Colonel Foxx believed in his missiles and he and his team worked feverishly. It just might work, but to coordinate the THORs in a mass attack on so short a notice—
He sat up, swiveled around and picked up a secure phone. In seconds, he spoke to General Alan in Syracuse, New York.
WASHINGTON, DC
Anna watched as the President had a phone against his ear. They were still in the underground bunker.
David spoke with General Alan. “I see,” the President said. “Yes, thank you. I’ll let you know my decision about— Yes, I understand the need for haste. Give me five minutes, General, and I’ll let you know for certain.”
The President set down the phone and faced those assembled. “General Alan says it will be a close-run attack. The THORs won’t be ready to strike en mass until the enemy armada is a mere one hundred miles from the coast.”
“Sir,” Norton said. “If these THOR missiles work, or work even half as good as we expect, we should hit the enemy fleet with all the air we can summon. We must be ready to exploit any victory we achieve by swarming the enemy with cruise missiles.”
“Yes, yes,” the President said, nodding. “That’s wise advice. Make it happen, General.”
Norton picked up a phone.
“I have a question, sir,” Max said.
The President nodded.
“Won’t the enemy lasers be able to destroy the THOR platforms?” Max asked.

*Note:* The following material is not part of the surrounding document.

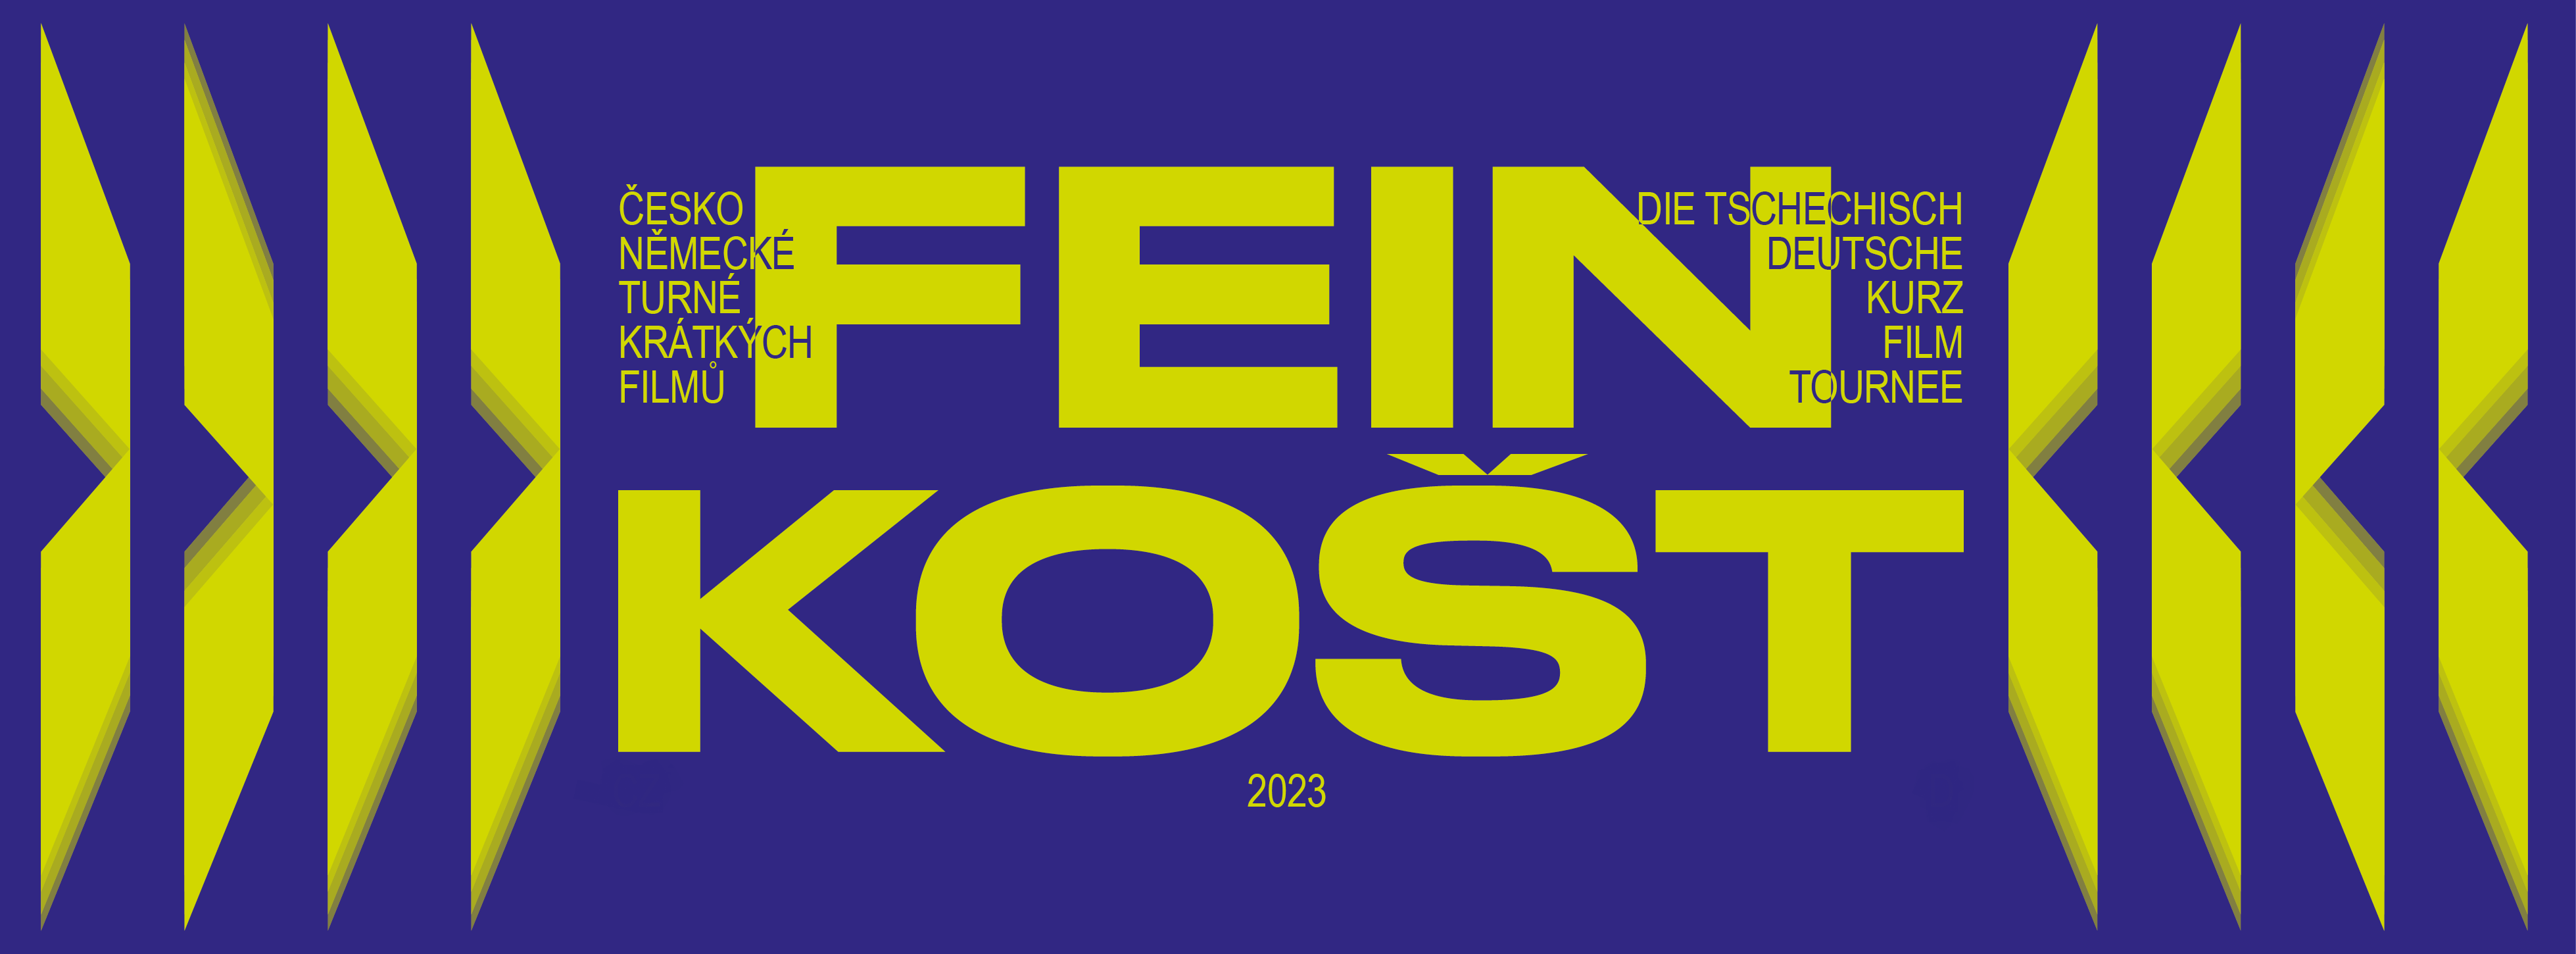 Schriftzug FEINKOŠT gelbgrün auf dunkelblau, grafische Elemente, die den tschechischen Akzent Hatschek aufnehmen und variieren.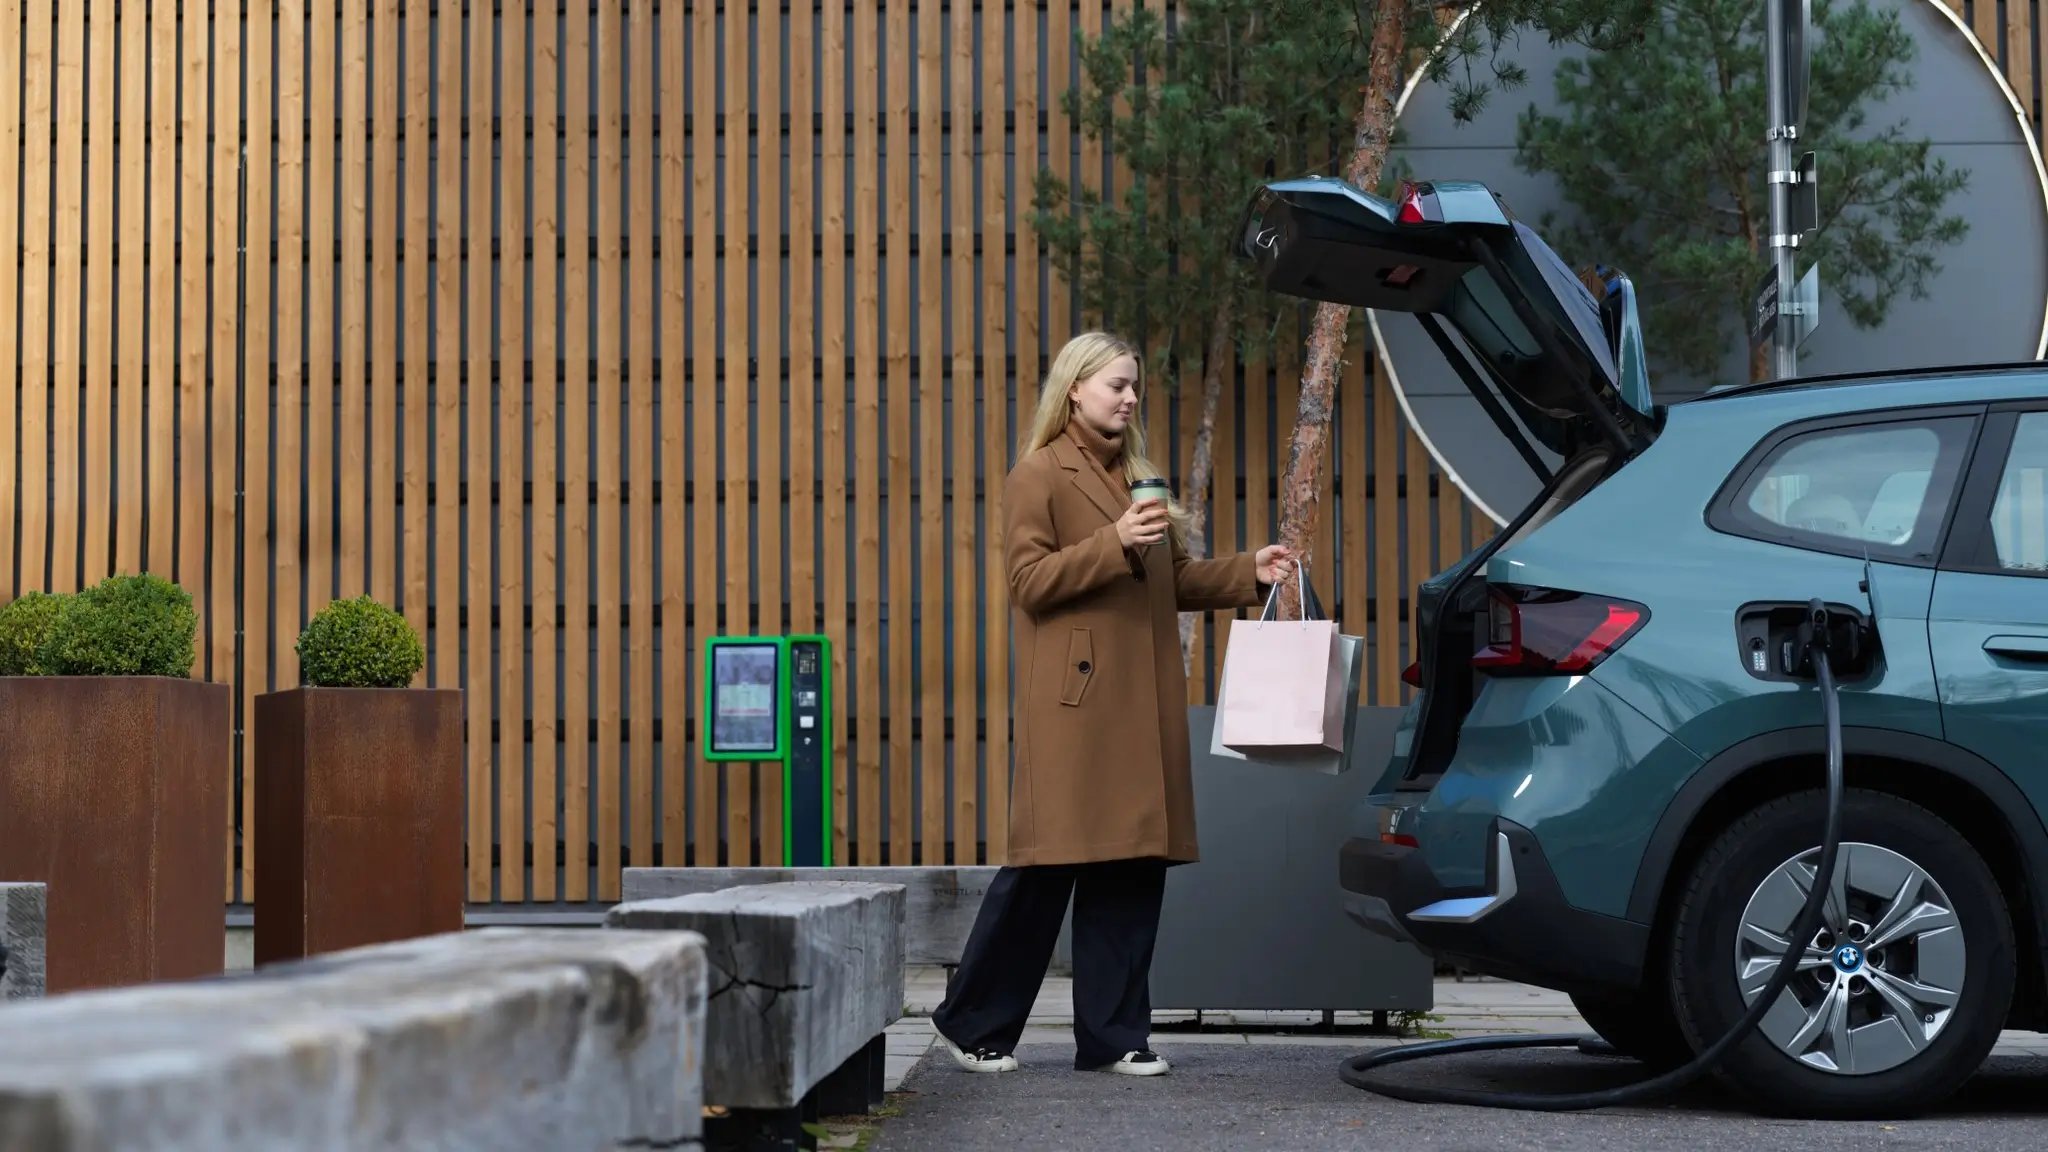 Junge Frau legt Einkaufstüten in den Kofferraum ihres E-Autos, das gerade an einer Ladestation lädt

“Yes, possibly,” the President said. “But we must try.”
“I totally agree, sir,” Max said. “But to give the THORs a greater chance of getting through, I suggest you give the GD more targets to shoot at. Preferably, give the GD decoys, plenty of them to fire at first.”
“What decoys?” the President asked. “I’m not aware we have space-based decoys.”
“I’m referring to more ICBMs,” Max said. “Launch another assault.”
“Just a minute,” Norton said into the phone. He lowered it and covered the speaker with his hand. Then he told Max, “The Germans will shoot down the ICBMs during boost phase. That won’t help the THORs, but it will cost us many nuclear missiles.”
“I’m talking about keeping the GD Strategic Defense occupied,” Max said. “If they can beam the missiles during boost phase…” The director grinned mirthlessly. “Launch one ICBM at a time. That will confuse them as to what we’re doing, and it should keep them watching the wrong place.”
“That’s crafty,” the President said. “Yes, I like it. We’ll use deception on them as they’ve been using it on us.” He scanned those around the table. “Are there any other suggestions?”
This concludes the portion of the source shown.